───── EXERCISE DATA ─────
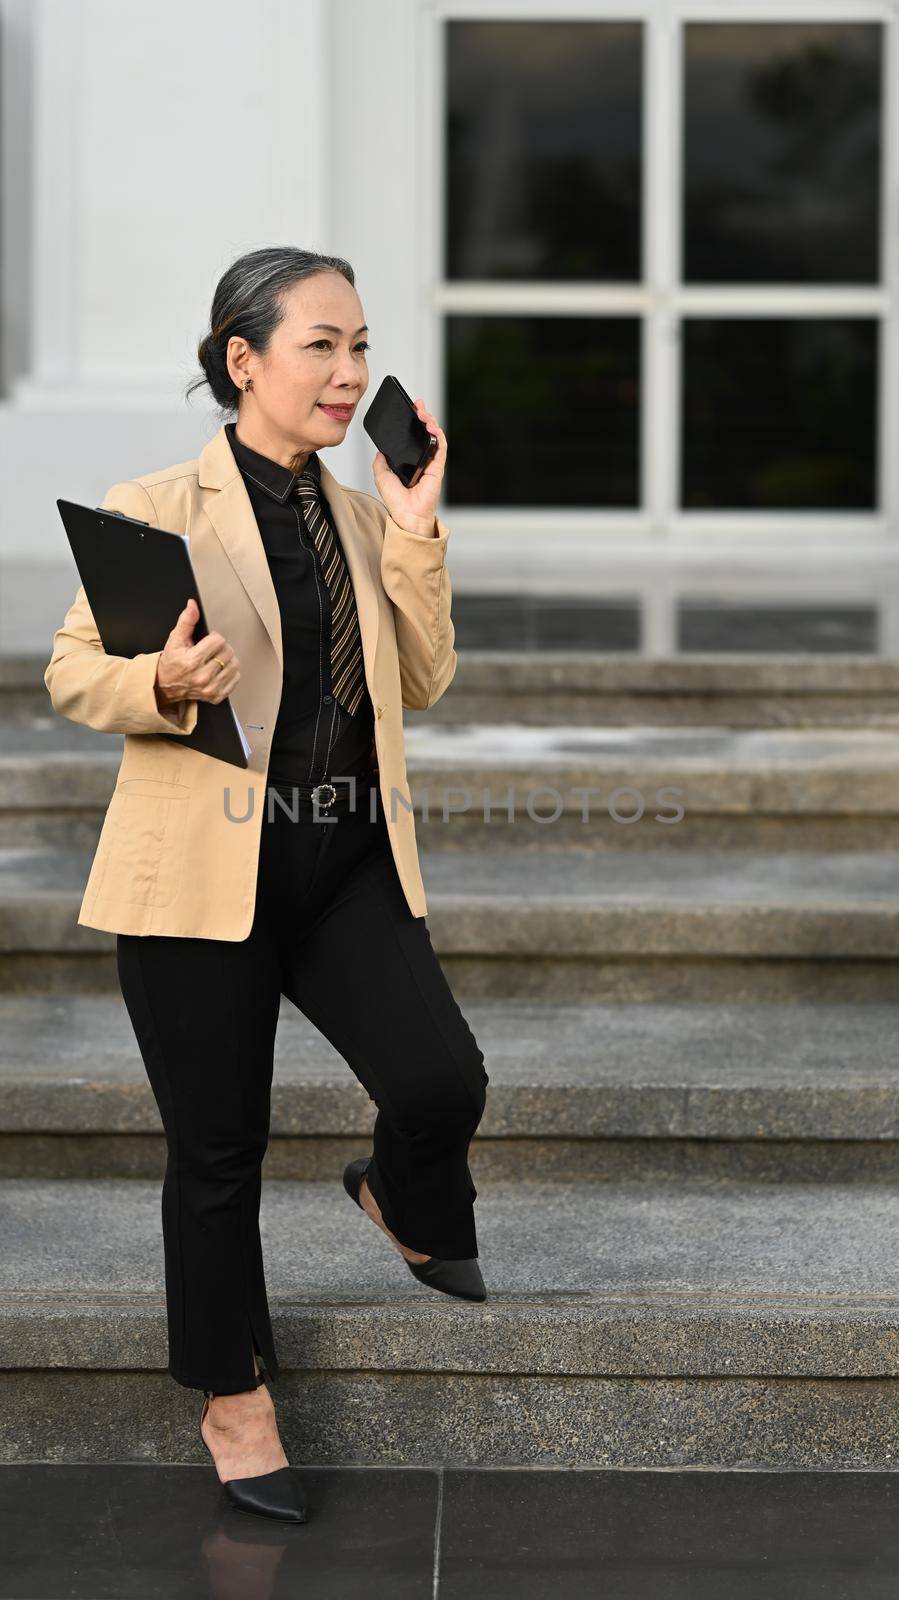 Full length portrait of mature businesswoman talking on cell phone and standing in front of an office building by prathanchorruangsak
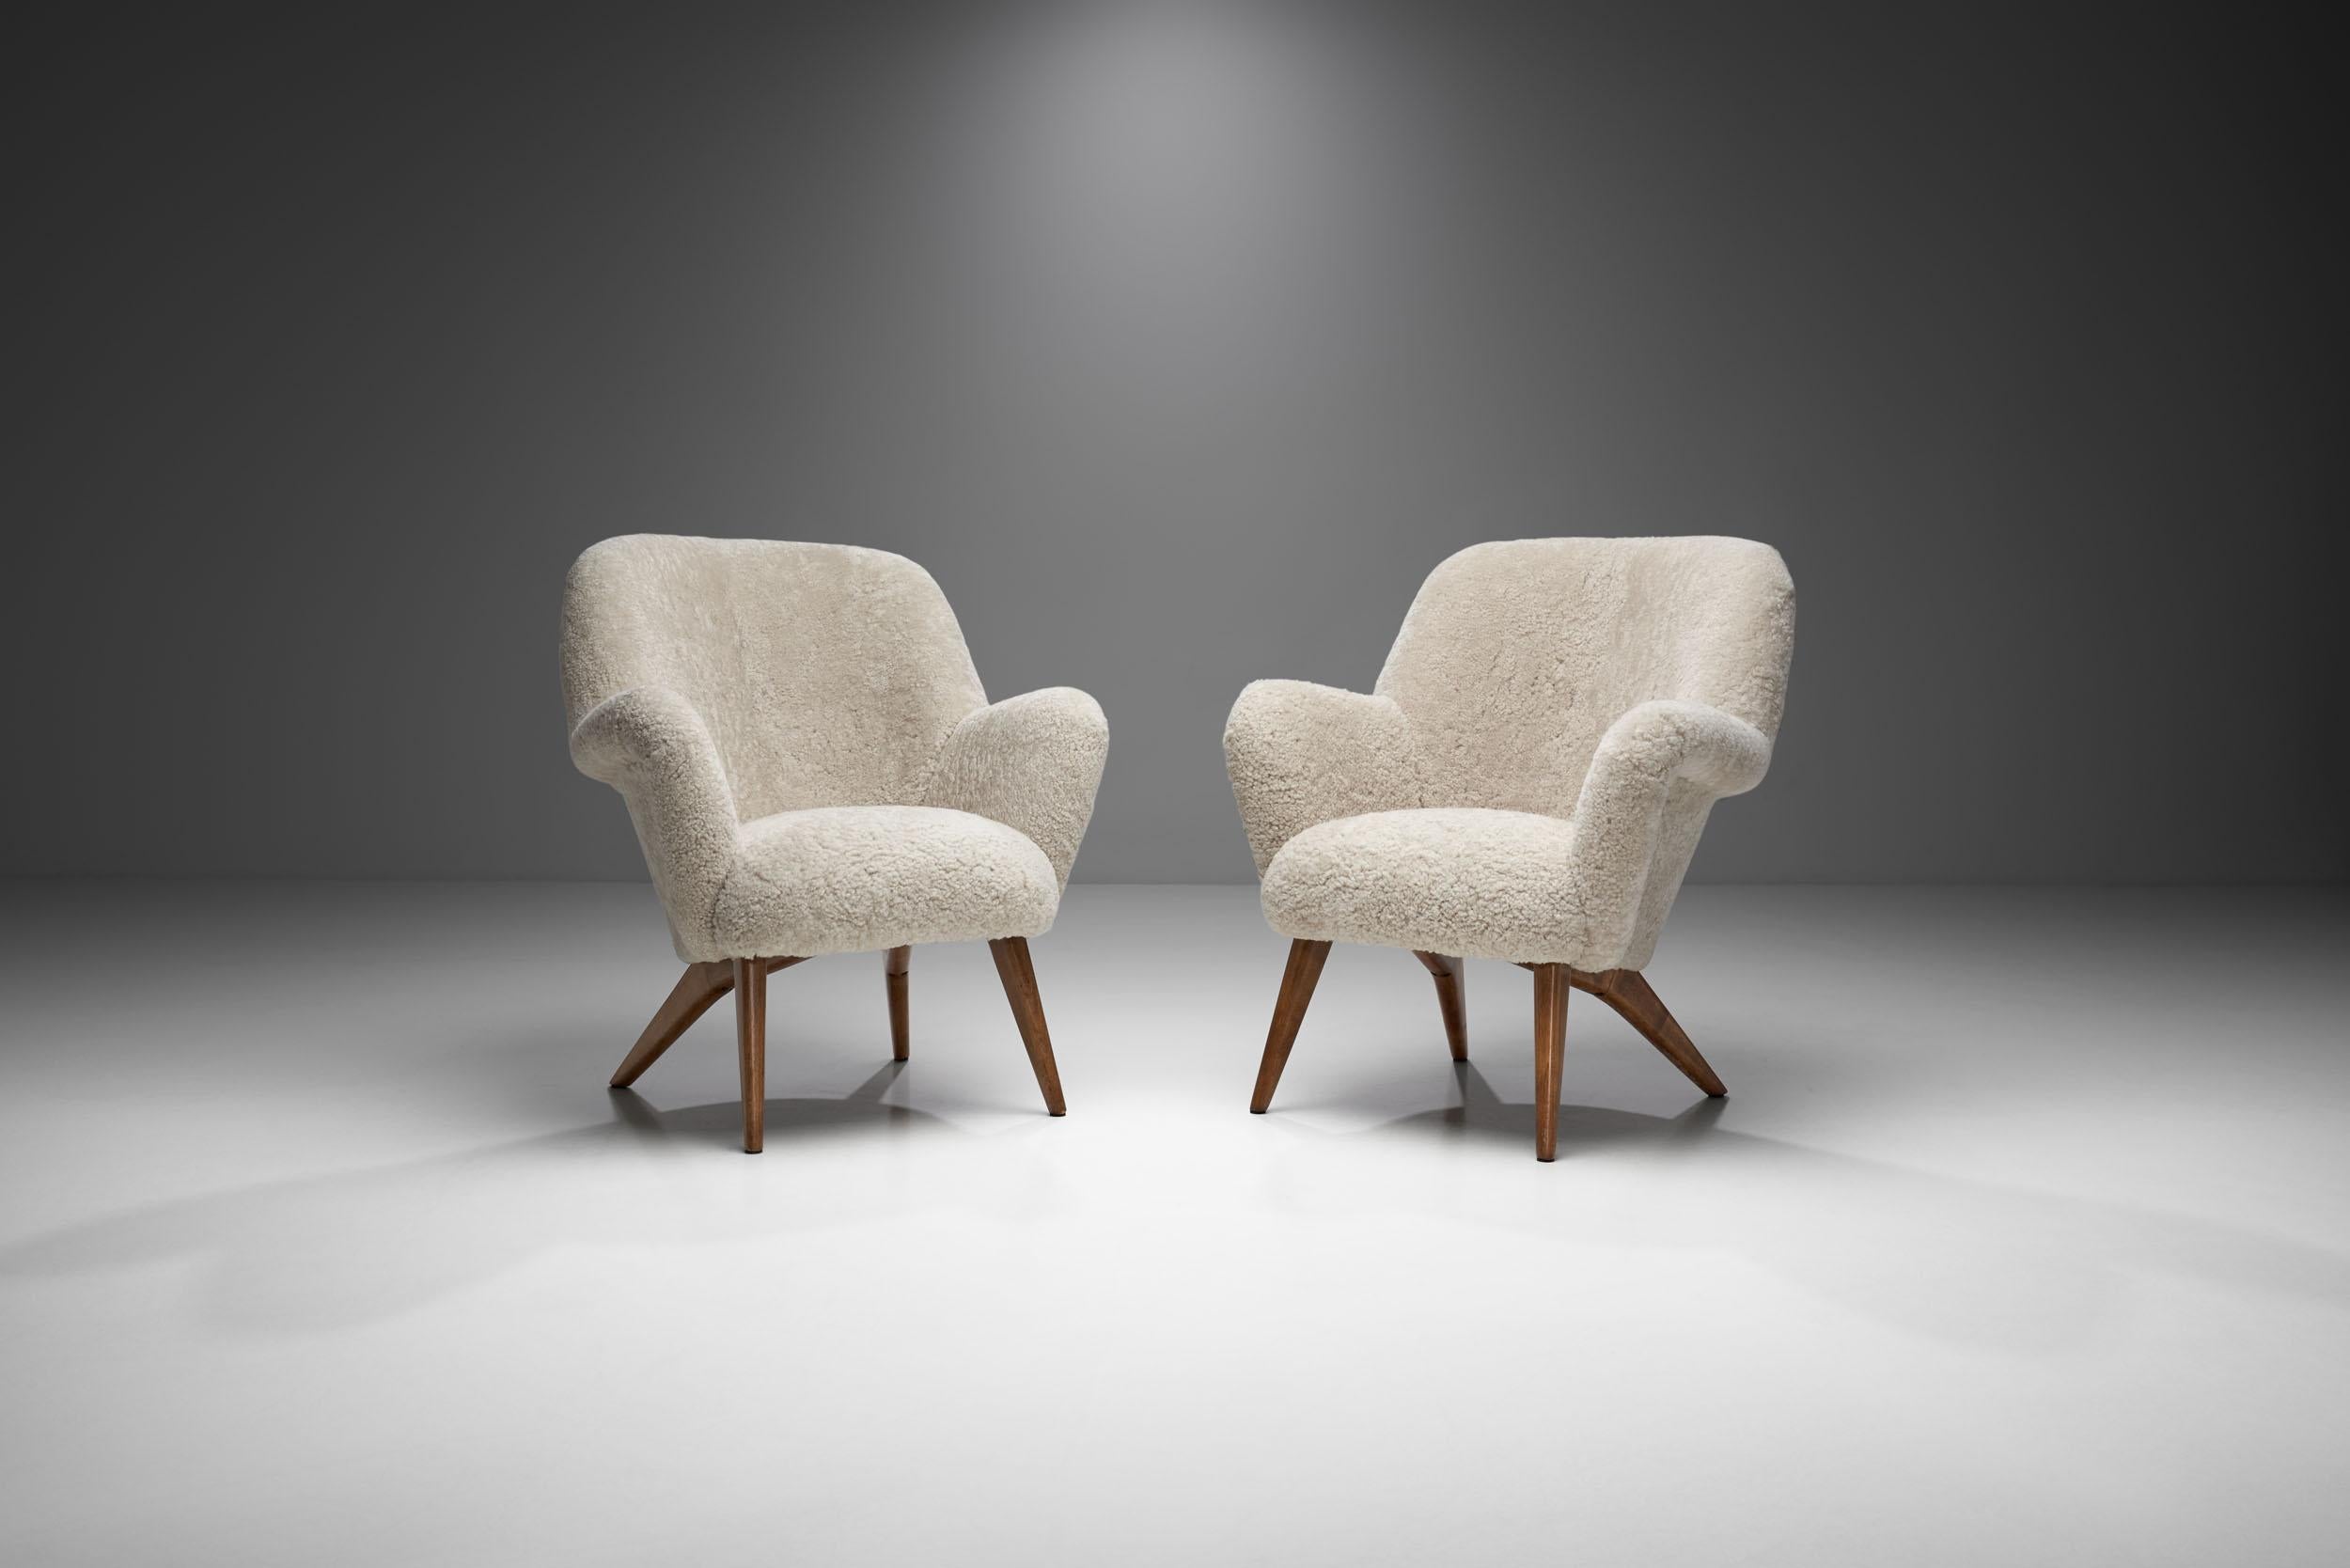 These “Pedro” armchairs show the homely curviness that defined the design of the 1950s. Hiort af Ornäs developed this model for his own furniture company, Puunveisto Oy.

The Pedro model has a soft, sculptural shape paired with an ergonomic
─────
In the listing, find the line containing "company, Puunveisto Oy." and repeat it and every later line through the last one, word for word, excluding the pictures.

TASK RESPONSE>
 These “Pedro” armchairs show the homely curviness that defined the design of the 1950s. Hiort af Ornäs developed this model for his own furniture company, Puunveisto Oy.

The Pedro model has a soft, sculptural shape paired with an ergonomic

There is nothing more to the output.